Segment Start: Dataset content

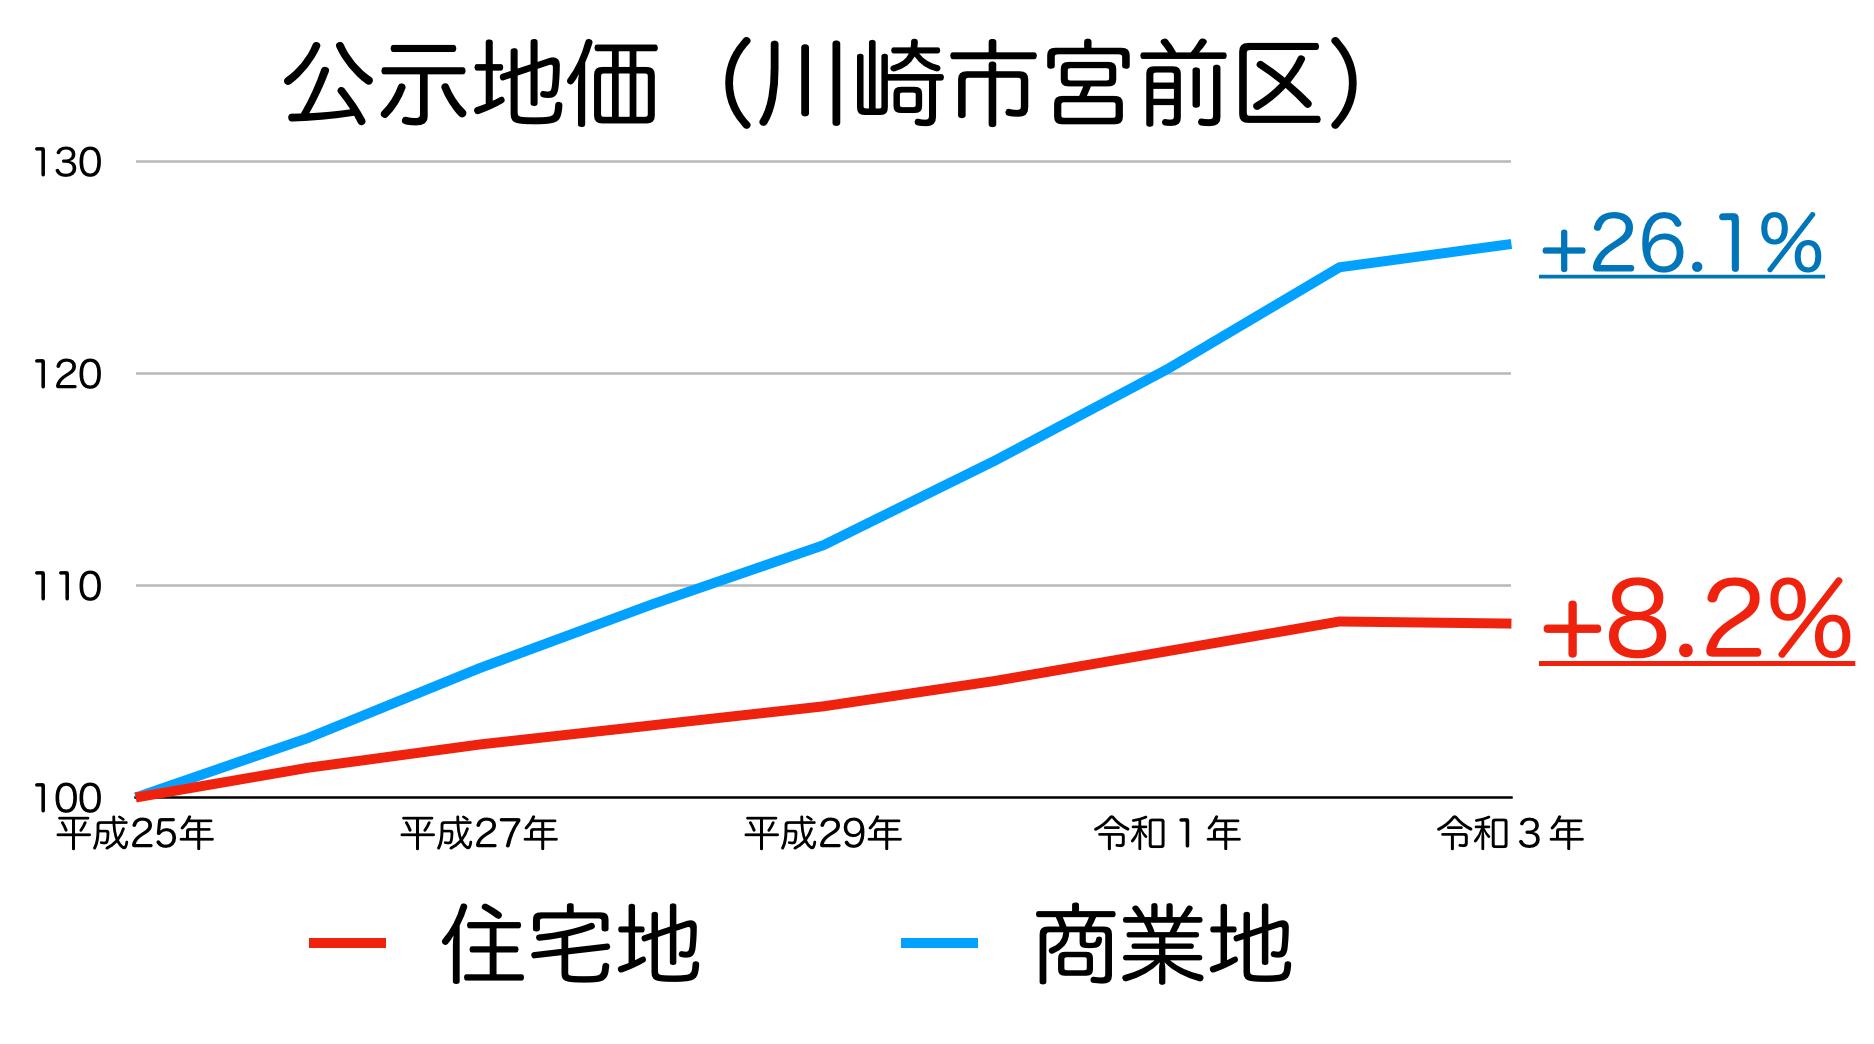 川崎市宮前区の公示地価の推移
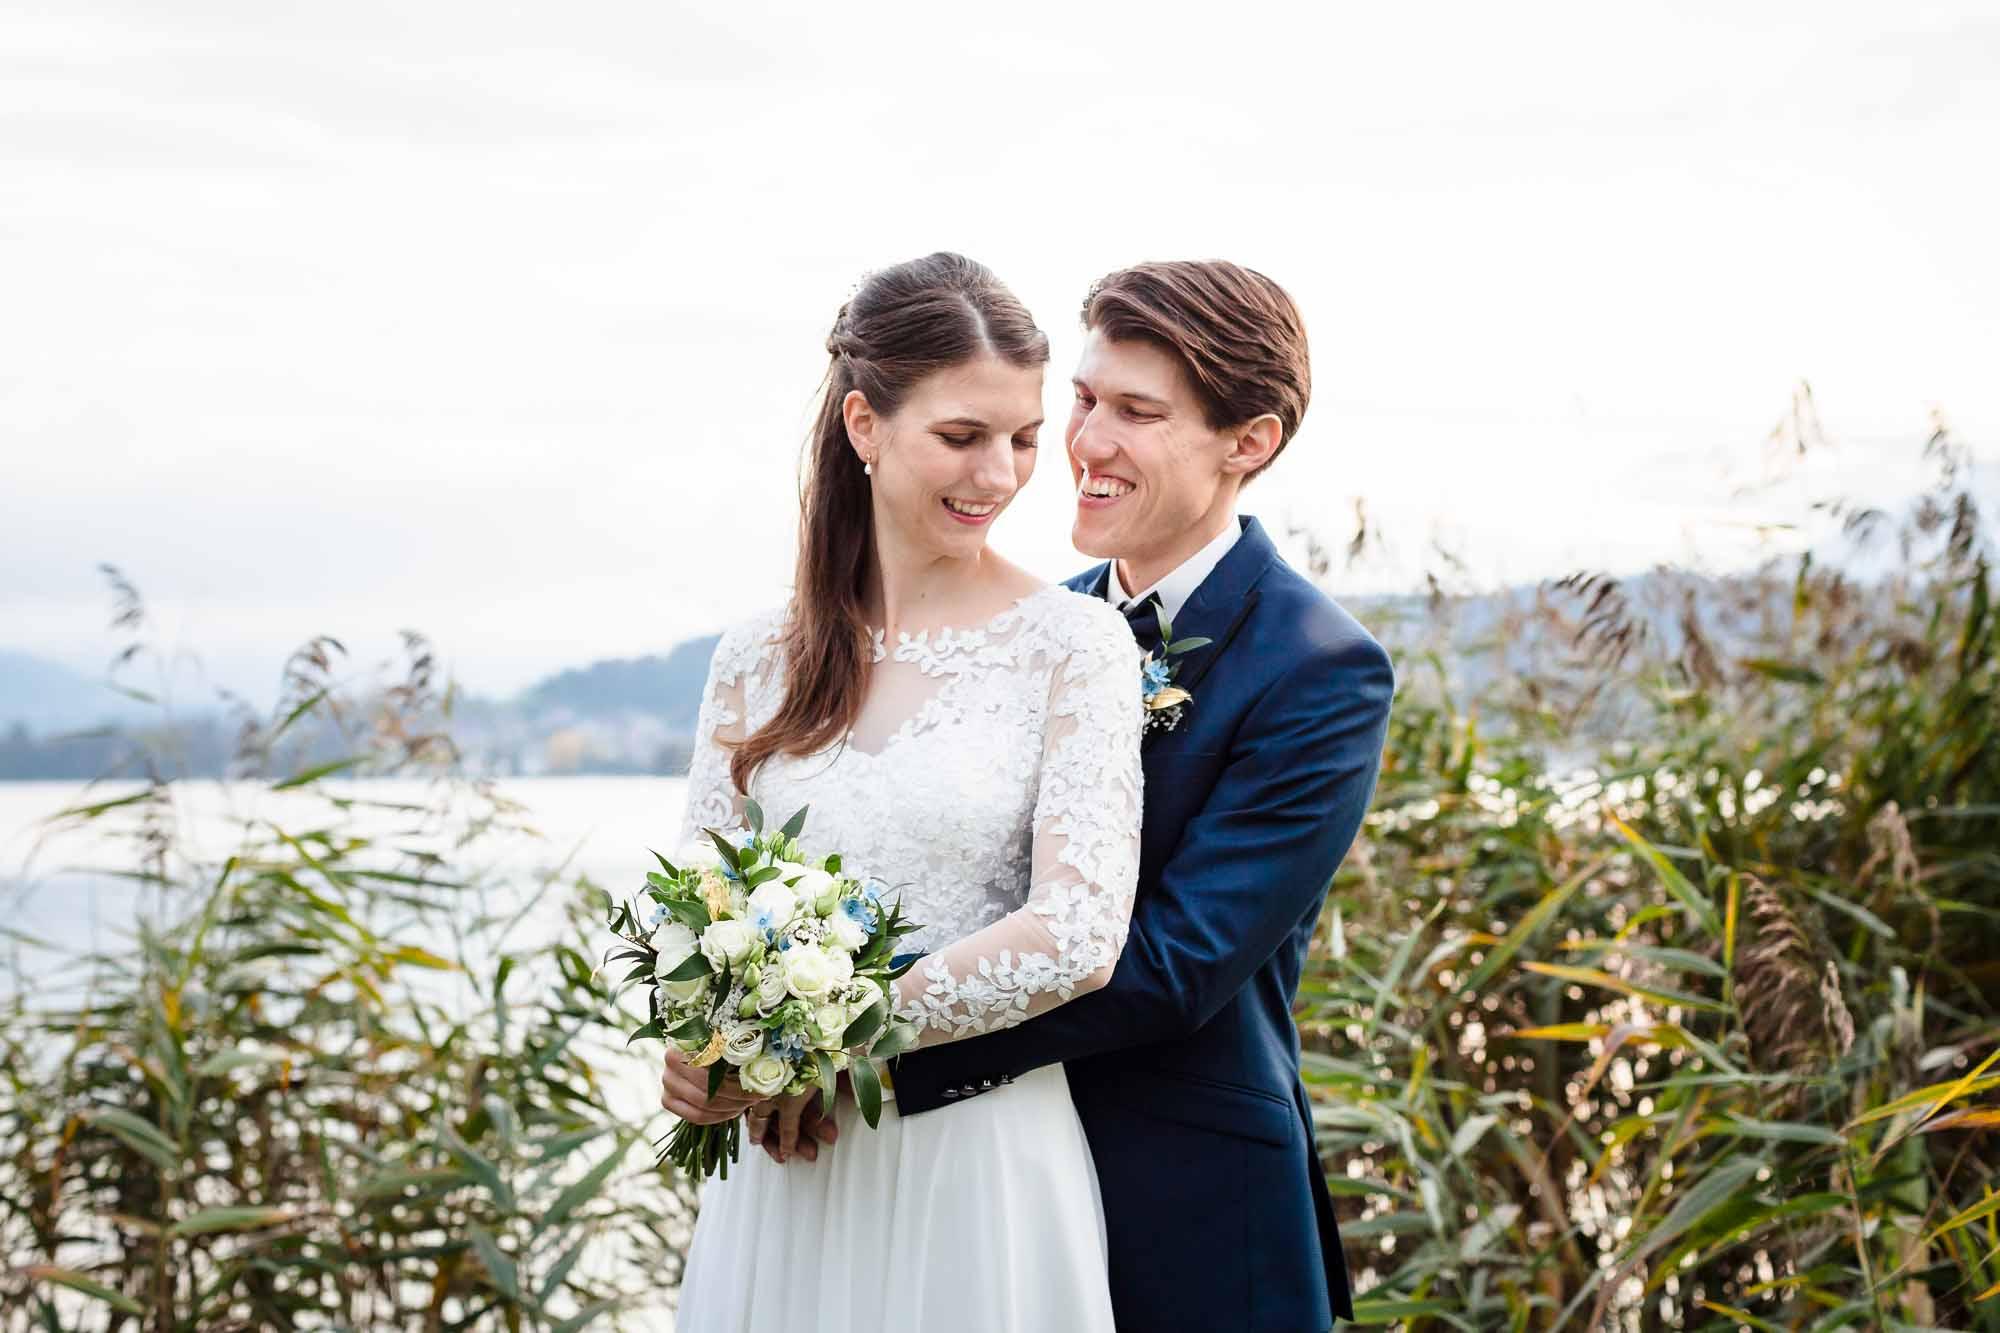 Hochzeitsfotograf Luzern Brautpaar Porttrait vor Schilf
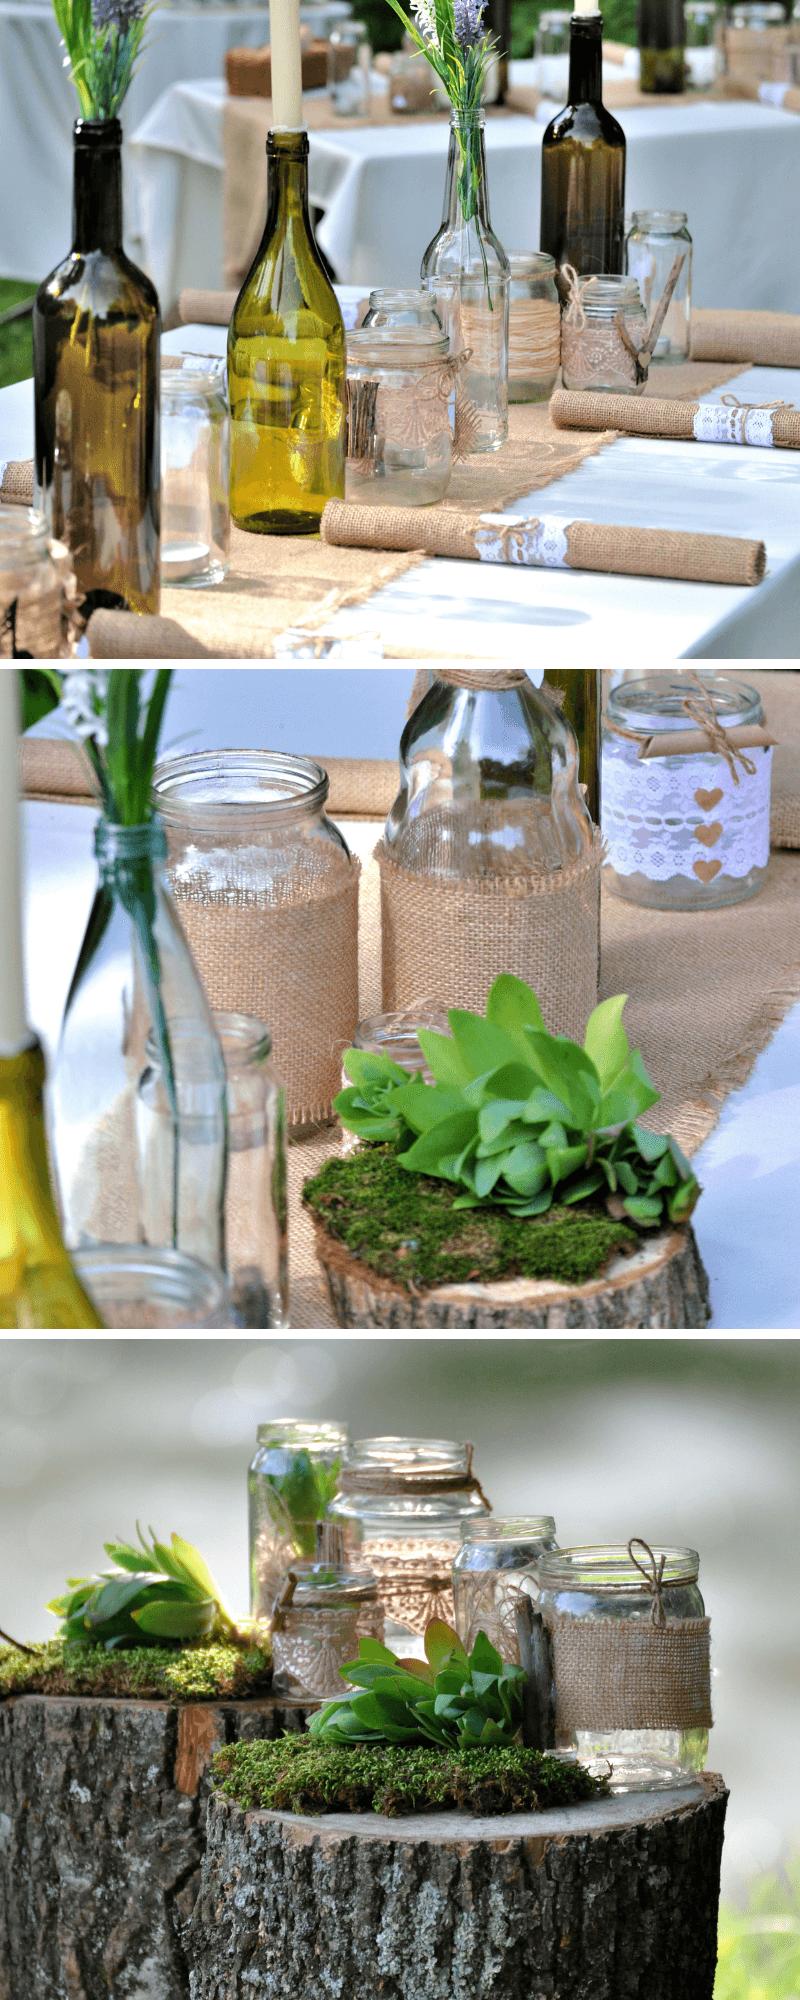 tischdeko hochzeit, tischdeko originell, originelle hochzeitsdeko, tischdekoration hochzeit, hochzeitsdeko ausgefallen, tischdeko glasflaschen, hochzeitsdeko minimalistisch

Segment End: Dataset content

■ Work to complete
What you produce must match the listing word for word, with no images in it.

■ Answer section
 川崎市宮前区の公示地価の推移
 Hochzeitsfotograf Luzern Brautpaar Porttrait vor Schilf
 tischdeko hochzeit, tischdeko originell, originelle hochzeitsdeko, tischdekoration hochzeit, hochzeitsdeko ausgefallen, tischdeko glasflaschen, hochzeitsdeko minimalistisch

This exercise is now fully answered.